Philips calls for Accessible Stroke Treatment
Ischemic strokes are caused by a blocked blood vessel and they are treatable, even reversed if treatment is immediate.
Strokes are sometimes seen as a consequence of unhealthy lifestyles which can be tackled by prevention. But that's not the only option - patients deserve preventive care as well as treatment, because a stroke is a curable disease.
Despite the latest guidance from the World Health Organization (WHO), this is not yet the norm in the global healthcare sector.
Sheila Martins, neurologist and outgoing President of the World Stroke Organization (WSO) and Carla Goulart Peron, Chief Medical Officer at Philips, want to ensure that the voices of stroke patients are heard. Here they discuss the investment required to facilitate access to treatments that can cure it.
Philips advocates for advanced stroke treatments worldwide
Carla and Sheila have been working together for years to improve healthcare for stoke patients. Previously, Carla was assigned to support one of Sheila’s studies to prove that better stroke care could be delivered in the country’s public health service.
“During that period, the standard treatment for most stroke patients in small towns or rural areas was taking an aspirin once a day,” she reflects. “I remember thinking to myself that it would be quite a leap from that situation to build the required expertise and infrastructures to offer thrombolysis. But thanks to her determination, Sheila made important steps towards making stroke a very treatable disease in Brazil.”
It took years from one aspirin a day to the use of thrombolysis in stroke care. Now, limited investment in stroke care means it is only offered to 3% of the world’s stroke patients that meet the eligibility requirements.
The World Health Organization has said that the treatment is available for just 41% of countries. Sheila fears that we may be at risk of allowing a similar situation to arise for another game-changing procedure, mechanical thrombectomy, a minimally invasive procedure which removes blood clots via a catheter inserted through the patient’s arteries.
“I recently spoke to a representative from Indonesia’s Ministry of Health, who told me he had 16,000 islands under his administration. If telehealth and AI could help to decide where to send the helicopter to pick up the patients most in need, that would make the job a whole lot easier,” added Carla.
For Sheila, it is strong partnerships and a coordinated advocacy programme which will bring stroke to the front of global healthcare concern.
Telehealth is fundamental to advancing stroke care
According to Sheila, there is insufficient focus on research funding and healthcare expenditure to really advance acute stroke care.
“Stroke is the leading cause of disability and is increasingly affecting younger people. Investing in acute stroke treatments provides governments with an unmissable opportunity to reduce the burden of stroke on individuals and society and deliver on their commitment to provide health and well-being for all,” she says. “The payback in terms of increased GDP productivity and reduced long-term care costs far outweighs the initial investment.”

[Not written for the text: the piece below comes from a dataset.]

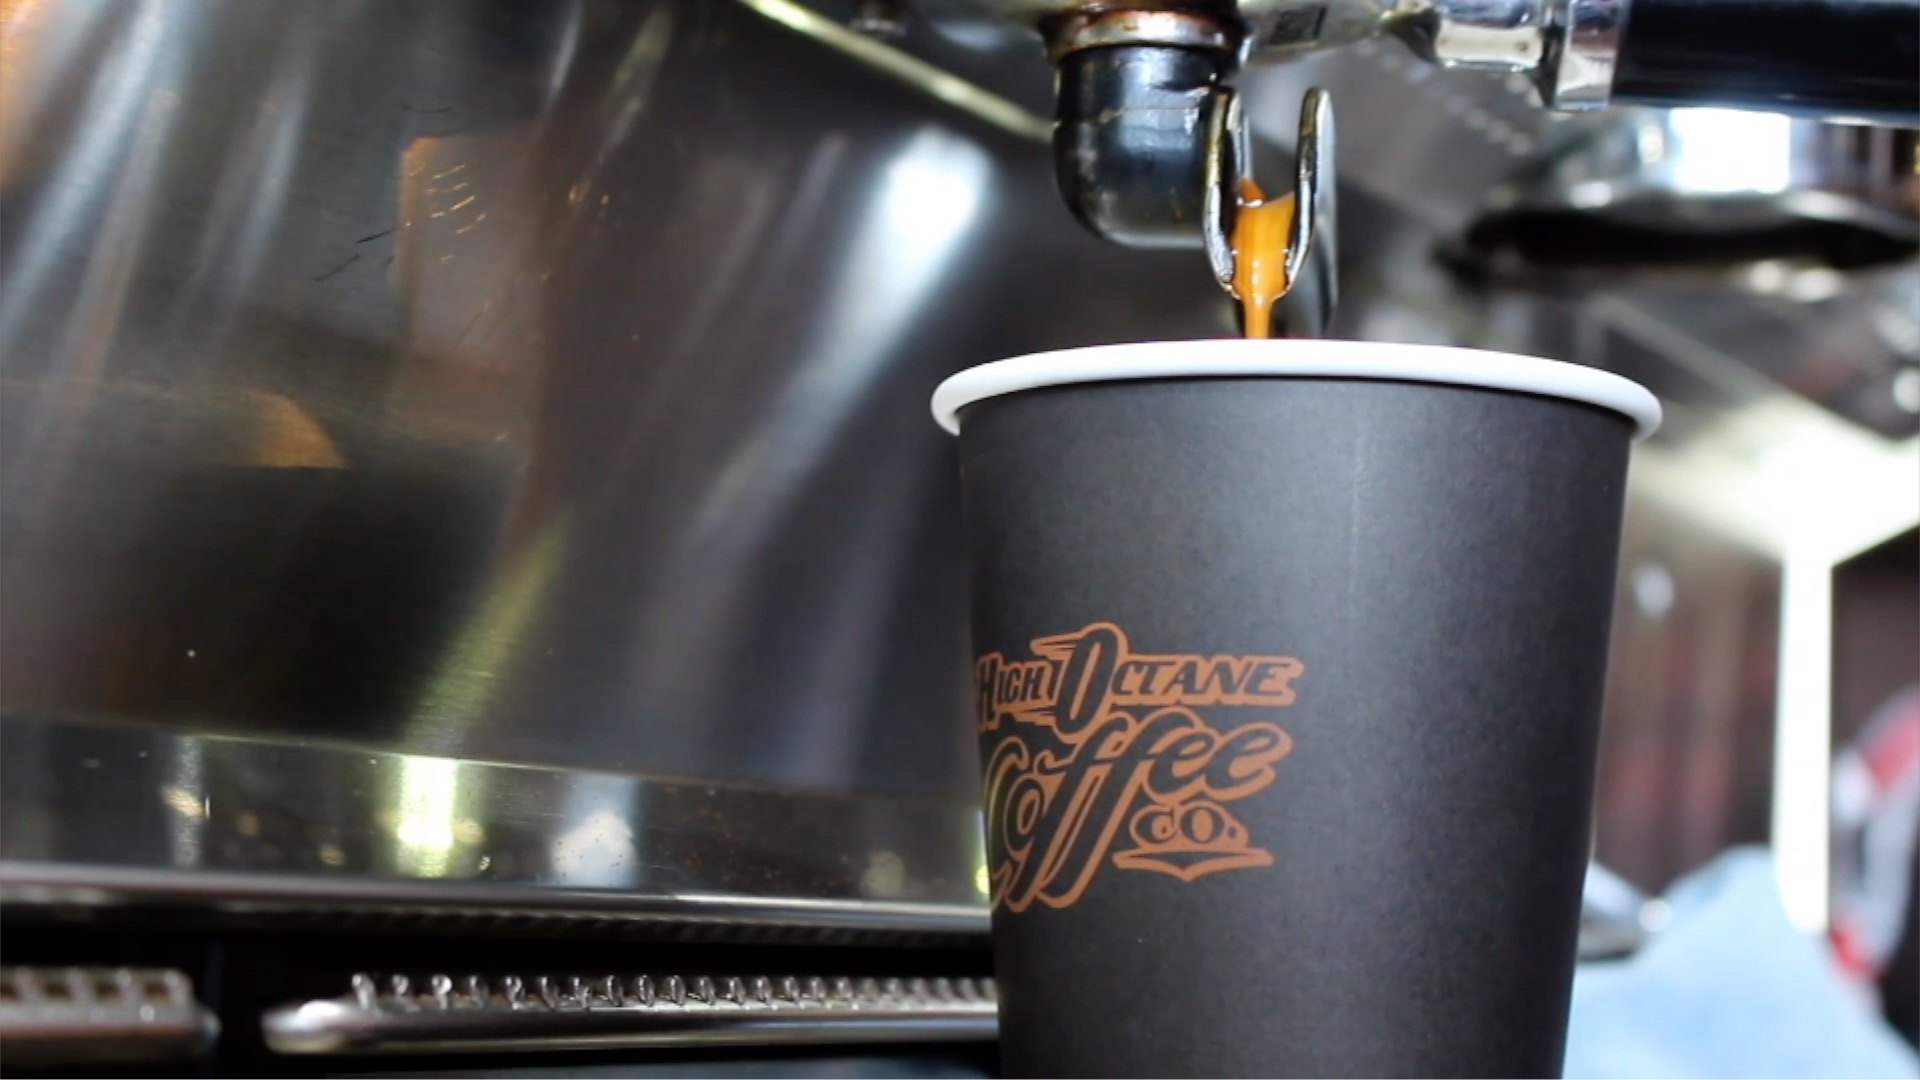 High Octane Coffee

Acute stroke care requires two things: diagnostic imaging for precision diagnosis and a highly skilled healthcare workforce. Sheila believes that technologies like telehealth and AI can help to reduce costs, as well as increase diagnostic accuracy.
“Telehealth is fundamental to advancing stroke care, allowing specialists to advise less experienced staff how to treat each patient,” she says. “Artificial intelligence to rapidly identify ischemic stroke, hemorrhagic stroke or large vessel occlusions, or assist in deciding which patients need to be transferred to a comprehensive stroke centre will also play a part.”